Menurutnya, kapasitas kelembagaan yang kuat akan berbanding lurus dengan kualitas kinerja pengawasan. Oleh karena itu, seluruh jajaran diharapkan mampu terus meningkatkan pemahaman terhadap tugas, fungsi, dan kewenangan kelembagaan, serta membangun koordinasi yang solid antarunit kerja. “Penguatan kelembagaan harus dilakukan secara berkelanjutan. Tidak hanya melalui pendidikan dan pelatihan, tetapi juga melalui disiplin kerja, kepatuhan terhadap regulasi, serta komitmen bersama dalam menjaga marwah lembaga,” tegasnya.
Wiratma juga mengingatkan kembali terkait tindak lanjut terhadap pelaksanaan Instruksi Ketua Bawaslu RI nomor 2 tahun 2026 tentang Konsolidasi Demokrasi berupa kegiatan jajaran bawaslu untuk melakukan giat-giat Demokrasi baik yang dilaksanakan di internal jajaran Bawaslu Badung maupun dengan pihak eksternal.

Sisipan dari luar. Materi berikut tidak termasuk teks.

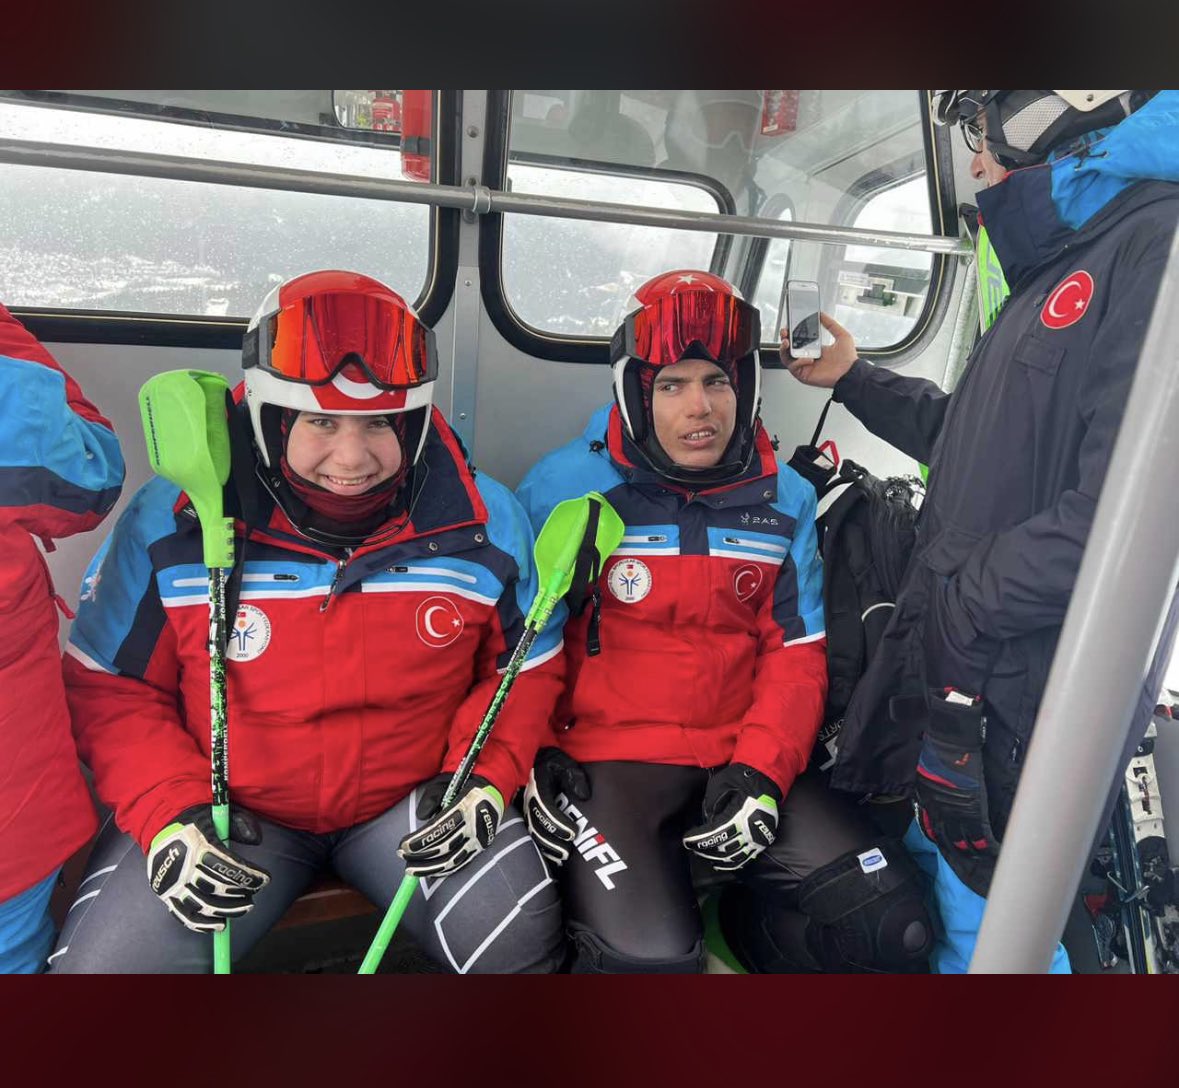 Otizmli milli Kayak sporcularımız Dadaşlar Diyarının gururu olan sporcularımız Aliye Zeynep ve Muhsin Murat Bingül’e Avusturya’da yapılan @SPORTVirtus dünya kayak şampiyonasına büyük haksızlık yapılıyor sesiz kalmayalım bu haksızlığa @Erzurumlular25 @dadaslargrubu #adaletvırtus

Lebih lanjut disampaikan bahwa tantangan pengawasan ke depan semakin kompleks, sehingga dibutuhkan organisasi yang tidak hanya kuat secara struktur, tetapi juga matang secara kultur. Dengan kapasitas kelembagaan yang baik, Bawaslu diharapkan mampu menjalankan peran pencegahan dan penindakan secara optimal serta meningkatkan kepercayaan publik. Arahan ini menjadi pengingat bagi seluruh jajaran Bawaslu di Bali untuk terus melakukan evaluasi dan pembenahan internal sebagai bagian dari upaya memperkuat kelembagaan demi terciptanya demokrasi yang berkualitas.